Hi just wanting feedback on the bungee training aid, any good? Was looking at a harbridge but the bungees cheaper lol


----------



## ILuvCowparsely (26 April 2013)

Yes i have one  I use it  from time to time when horse not behaving

 I like it and find it effective


----------



## Goldenstar (26 April 2013)

Yes I use them at times .
I lunge in them and sometimes use them for riding .
They are good value and useful to have in the tack room.


----------



## Rebels (26 April 2013)

I use them as part of a large range of lunge equipment and find them very useful. Its the only thing one will settle in having taken exception to everything else, she has less to fight with and more freedom so works sweetly.


----------



## pony&cow (26 April 2013)

i find it great for getting my  horse to work long and low, i clip it between her legs on the girth D ring.


----------



## GlamourPuss86 (26 April 2013)

I love mine. Can clip to the girth between the legs on on the girth buckles (i prefer that way)


----------



## Patterdale (26 April 2013)

I hate them. 
They teach horses to lean, you can't 'give' with them and I think it's lazy schooling. But each to their own


----------



## ellie11987 (26 April 2013)

Patterdale said:



			I hate them. 
They teach horses to lean, you can't 'give' with them and I think it's lazy schooling. But each to their own
		
Click to expand...

Agreed!


----------



## Goldenstar (26 April 2013)

Then can only lean if they are too tight they also don't really lean they fix which is not the same thing they should be loose with no pressure unless the horse raises its head.
In a perfect world no horse would need to be ridden in one but it has helped me with a couple of reschooling projects.


----------



## Rebels (26 April 2013)

Agree with Goldenstar, the two i use it have sacroiliac issues and the bungee works best on them. They move forwards freely and i ensure they track up plus it doesn't have to fixed between the forelegs, it can go higher.


----------



## chapper (26 April 2013)

Thanks guys, it's for lunging as my boy just goes round with head in the air!lol! He hates side reins so was looking for something little softer just to help encourage him to work in some sort of outline


----------



## Kadastorm (26 April 2013)

I find them useful for my pony who can school nicely but he can also be an argumentative ******. he was out of work for a bit and came back in being argumentative, now i use it every now and again to get him to accept a contact and work into it. 

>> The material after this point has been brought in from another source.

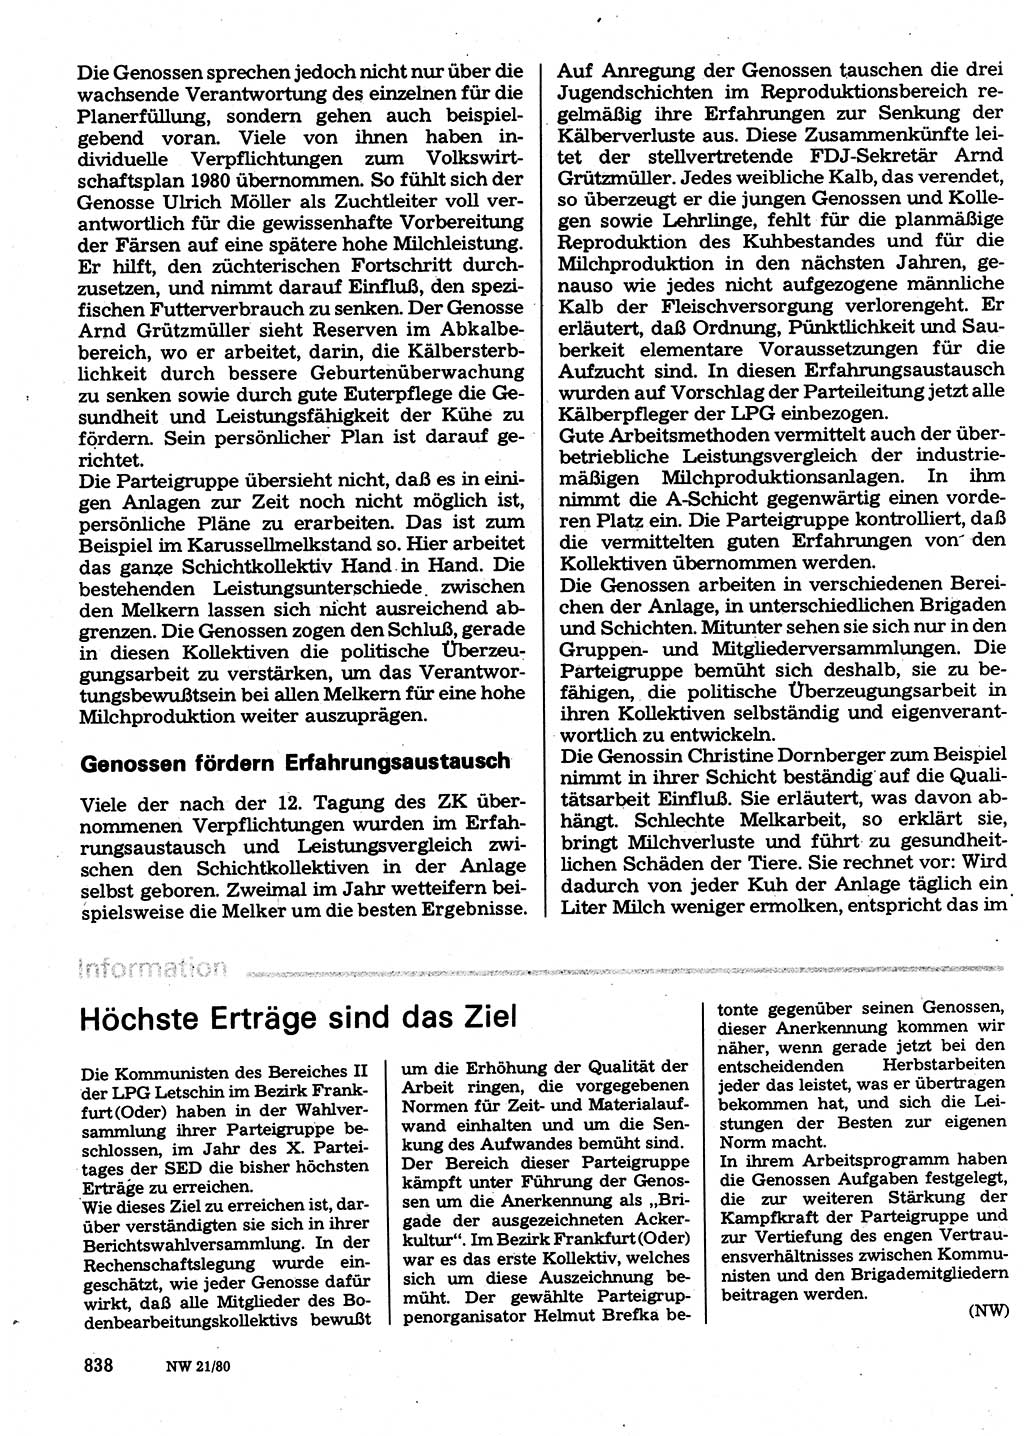 Neuer Weg (NW), Organ des Zentralkomitees (ZK) der SED (Sozialistische Einheitspartei Deutschlands) für Fragen des Parteilebens, 35. Jahrgang [Deutsche Demokratische Republik (DDR)] 1980, Seite 838 (NW ZK SED DDR 1980, S. 838)

It has its uses but shouldnt be used constantly.


----------



## Orchardbeck (27 April 2013)

I have one and used it a couple of times but my horse didn't seem to like it at the time. I'd quite like to try it again, but the toggle adjuster seems to have got stuck right at the end and I can't push the loop back through! I guess they aren't that expensive, its just annoying to have to buy another one. Unless anyone has any ideas of how to work it back through...


----------



## Goldenstar (27 April 2013)

Orchardbeck said:



			I have one and used it a couple of times but my horse didn't seem to like it at the time. I'd quite like to try it again, but the toggle adjuster seems to have got stuck right at the end and I can't push the loop back through! I guess they aren't that expensive, its just annoying to have to buy another one. Unless anyone has any ideas of how to work it back through...
		
Click to expand...

Get a fine screwdriver and work it through then pull on it.


----------



## dark_prince (27 April 2013)

Patterdale said:



			I hate them. 
They teach horses to lean, you can't 'give' with them and I think it's lazy schooling. But each to their own
		
Click to expand...

Agree. I know someone that uses it and her horse ridiculously over bends to get away from it.


----------



## Oscar (27 April 2013)

Like any gadget, they have their place and are as good or as bad as the person who fits it. Used correctly it can encourage a soft outline.


----------